Incumbents Lock Up Md. Congressional Delegation - Southern Maryland Headline News

Incumbents Lock Up Md. Congressional Delegation


By BRIANNA BOND, Capital News Service

WASHINGTON - Maryland's seven congressional incumbents sailed to victory Tuesday with all winning at least 50 percent of the vote, and Democrat John Sarbanes took the state's only open seat, according to unofficial results from the State Board of Elections.

The results, which maintained the six-to-two balance between Democrats and Republicans in the state's congressional delegation, enhanced the state's clout nationally as the Democratic Party commanded control of the House and will at least share power with Republicans in the Senate.

"I think that a lot of things happened last night but clearly the message from around the country was one for change," said Rep. Chris Van Hollen, D-Kensington, who beat Republican challenger Jeff Stein in the 8th Congressional District race with 77 percent of the vote.

In the 5th Congressional District, Rep. Steny Hoyer, D-Mechanicsville, easily won re-election with 83 percent of the vote against Green Party candidate Steve Warner. The minority whip will start his 14th term vying for the majority leader position in a newly Democratic-controlled House.

Rep. Roscoe Bartlett, R-Frederick, one of two Republican representatives, won re-election with 58 percent of the vote, the smallest margin of all the incumbent races. His opponent, Andrew Duck, garnered national attention as an Iraq military intelligence officer and outspoken critic of the war. Duck waged a comparatively strong campaign, seizing 39 percent of the vote, but came up short in his attempt to unseat the seven-term incumbent.

"Congressman Bartlett had a very comfortable win in a very tough year," said Bartlett's spokeswoman, Lisa Wright, who said the congressman had expressed concern about an overall "drag on Republican candidates."

In the 4th Congressional District, Rep. Albert R. Wynn, D-Largo, toppled Republican Moshe Starkman with relative ease winning 81 percent of the vote, after barely eking out a victory in the primary over challenger Donna Edwards, who came within 3,000 votes of unseating the seven-term incumbent.

Sarbanes, a political newcomer and son of retiring Sen. Paul S. Sarbanes, won the 3rd Congressional District seat vacated by Rep. Ben Cardin with 65 percent of the vote, beating Republican John White. Cardin, who's never lost an election, beat Lt. Gov. Michael Steele in the Senate race.

Rep. Wayne Gilchrest, R-Kennedyville, beat Democratic challenger Jim Corwin in the 1st Congressional District with 68 percent.

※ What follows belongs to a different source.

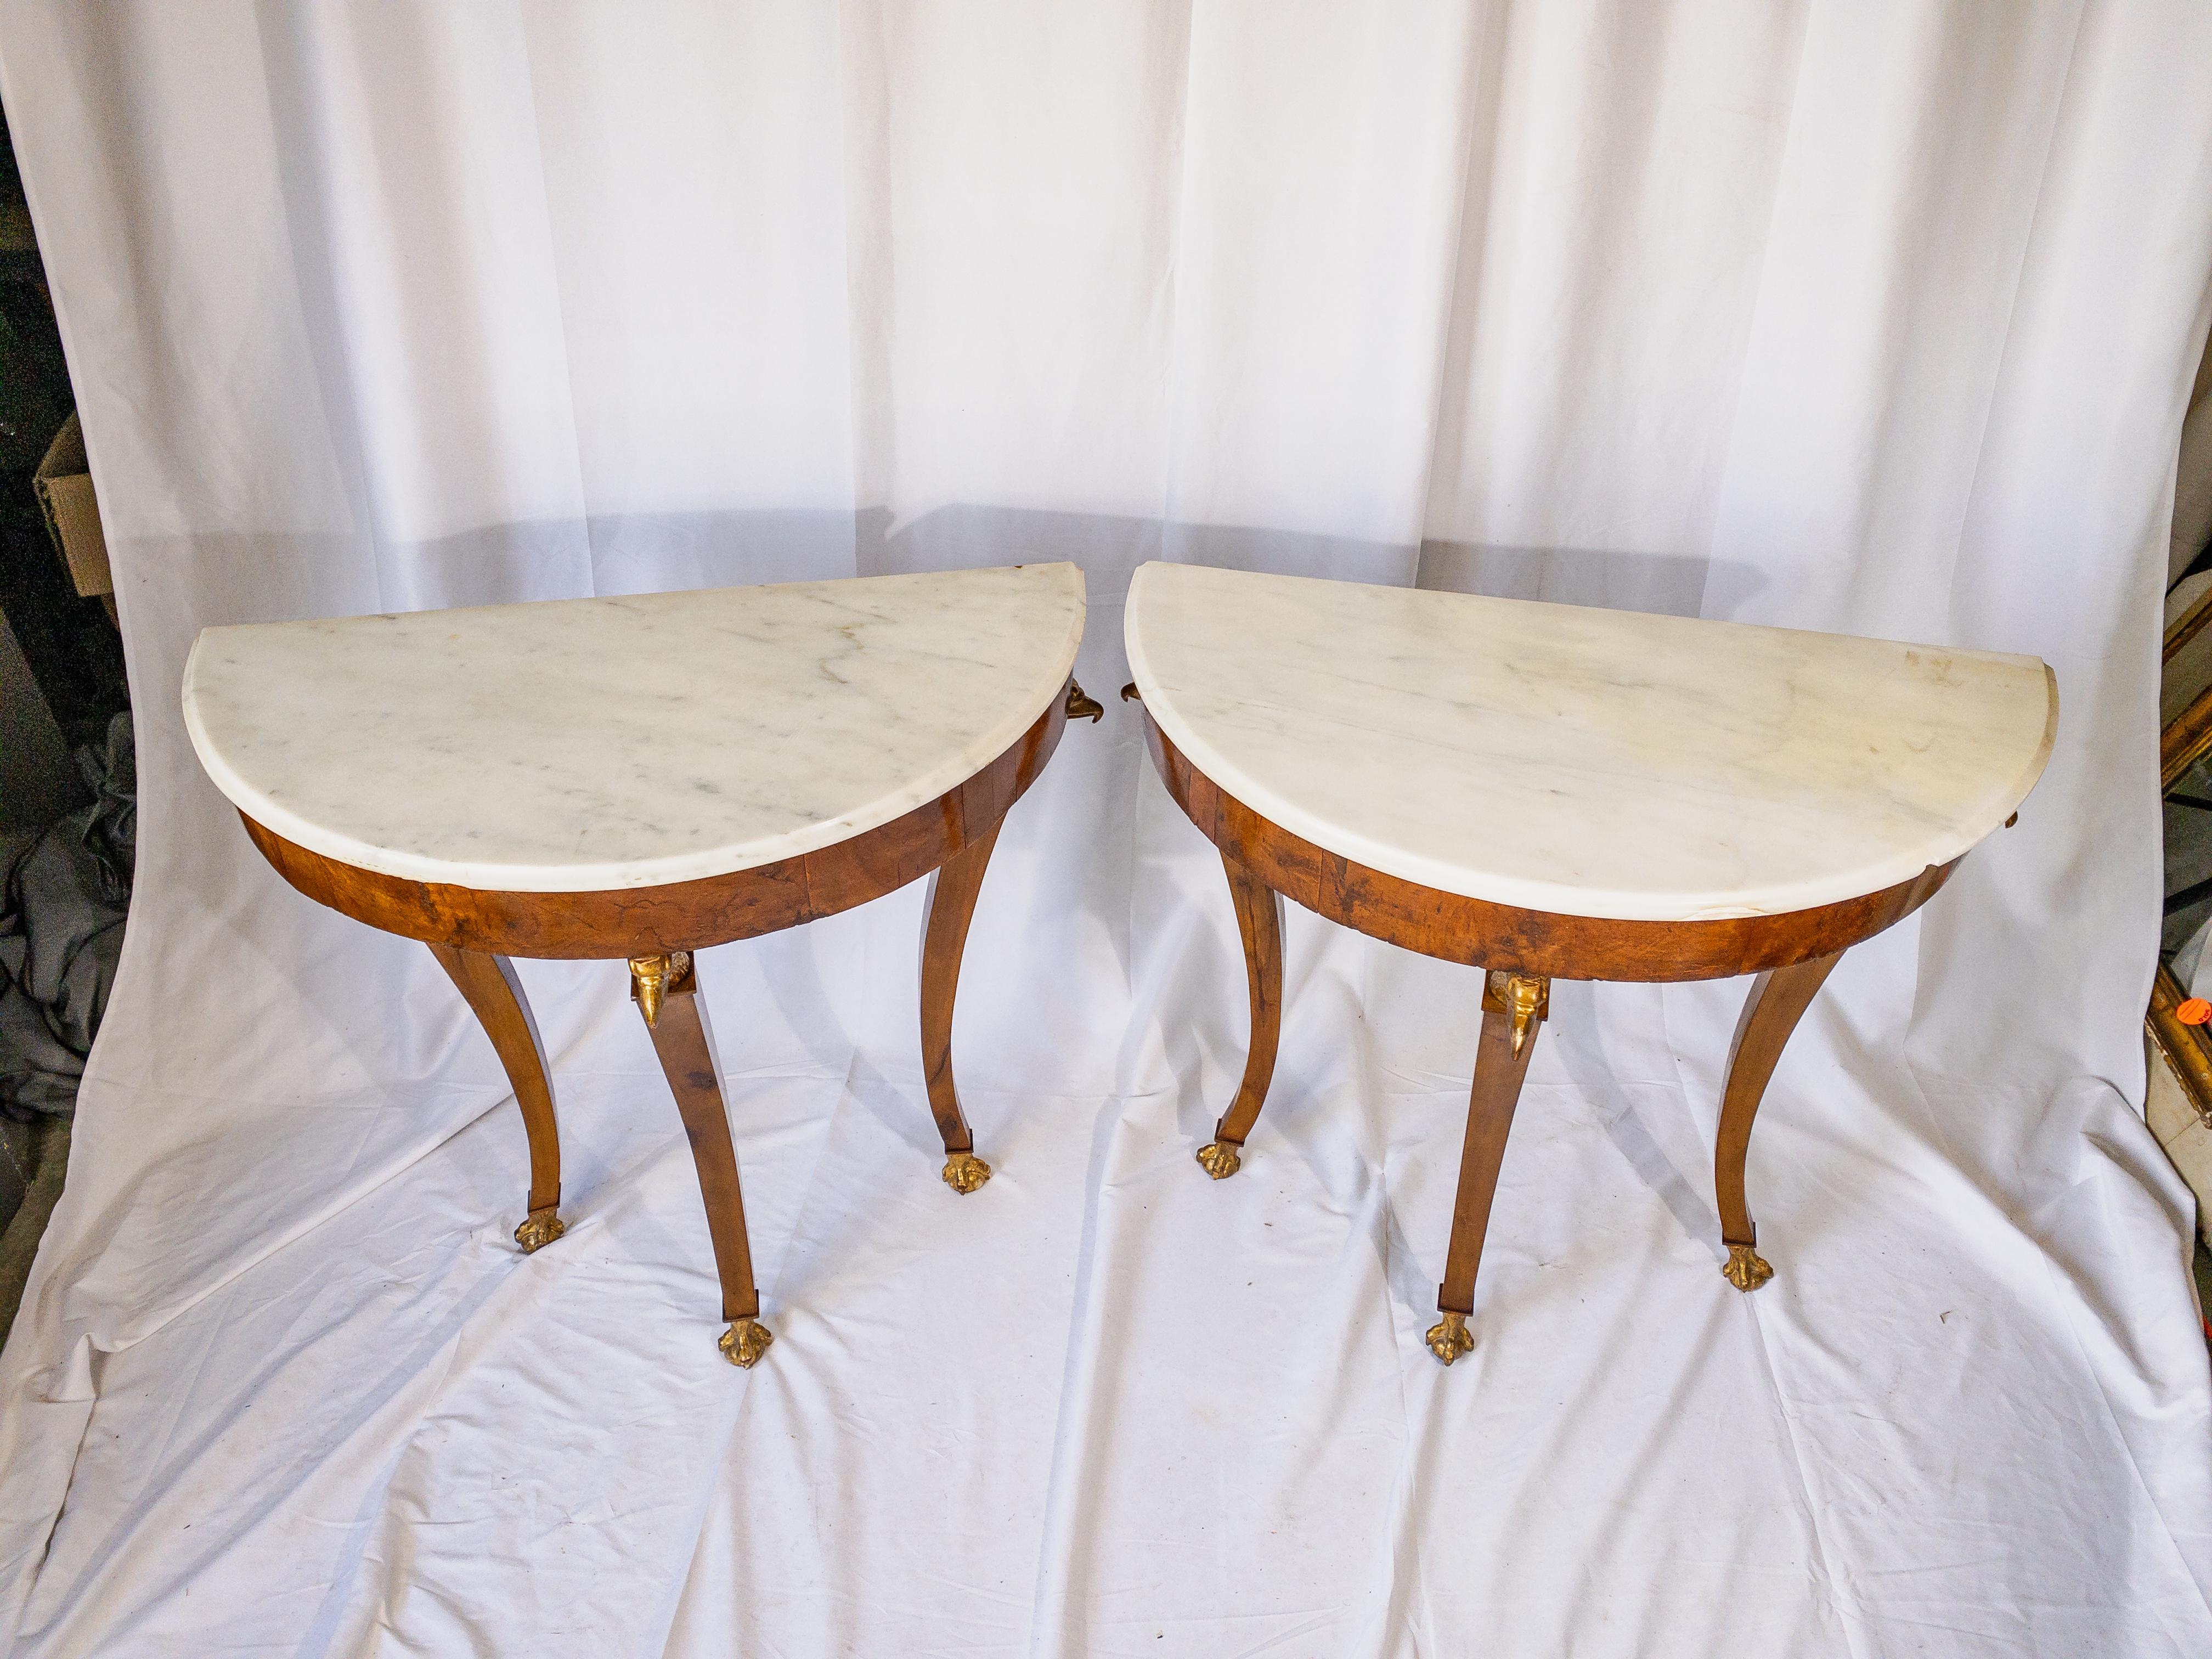 Pair of 18th Century Italian Marble Top Demi-lune Tables For Sale 5

"The clear sentiment of the country was 'We want a change of direction', and so, to a large extent, each individual race was nationalized," Gilchrest said, who condemned Bush's negative rhetoric against the Democrats.

Dissatisfaction with the Iraq war and the Bush administration gave Corwin a strong wave of support, but he struggled to get his message out to voters across the Eastern Shore and in Anne Arundel, Harford and Baltimore counties thanks to a marked financial disadvantage.

"The only way to do this is to concentrate much earlier on raising money . . . and I did not do that," Corwin said.

Other campaigns failed to provide strong opposition to Democratic incumbents, particularly in the 2nd Congressional District, where Rep. C.A. Dutch Ruppersberger, D-Cockeysville, drubbed Republican challenger, Jimmy Mathis, with 70 percent.

Rep. Elijah Cummings, D-Baltimore, ran unopposed in the 7th Congressional District.

"The state took a big, giant, step backwards last night in terms of a two-party system," said Zach P. Messitte, political science professor at St. Mary's College of Maryland.

"The fact that the Republican Party only holds two out of eight congressional seats is very indicative of the election yesterday," said Audra Miller, spokeswoman for the Maryland Republican Party, who said the group focused more on state-wide races.

Though GOP candidates across the state suffered big blows, she said, at this point there's not much that can be done. "The voters spoke."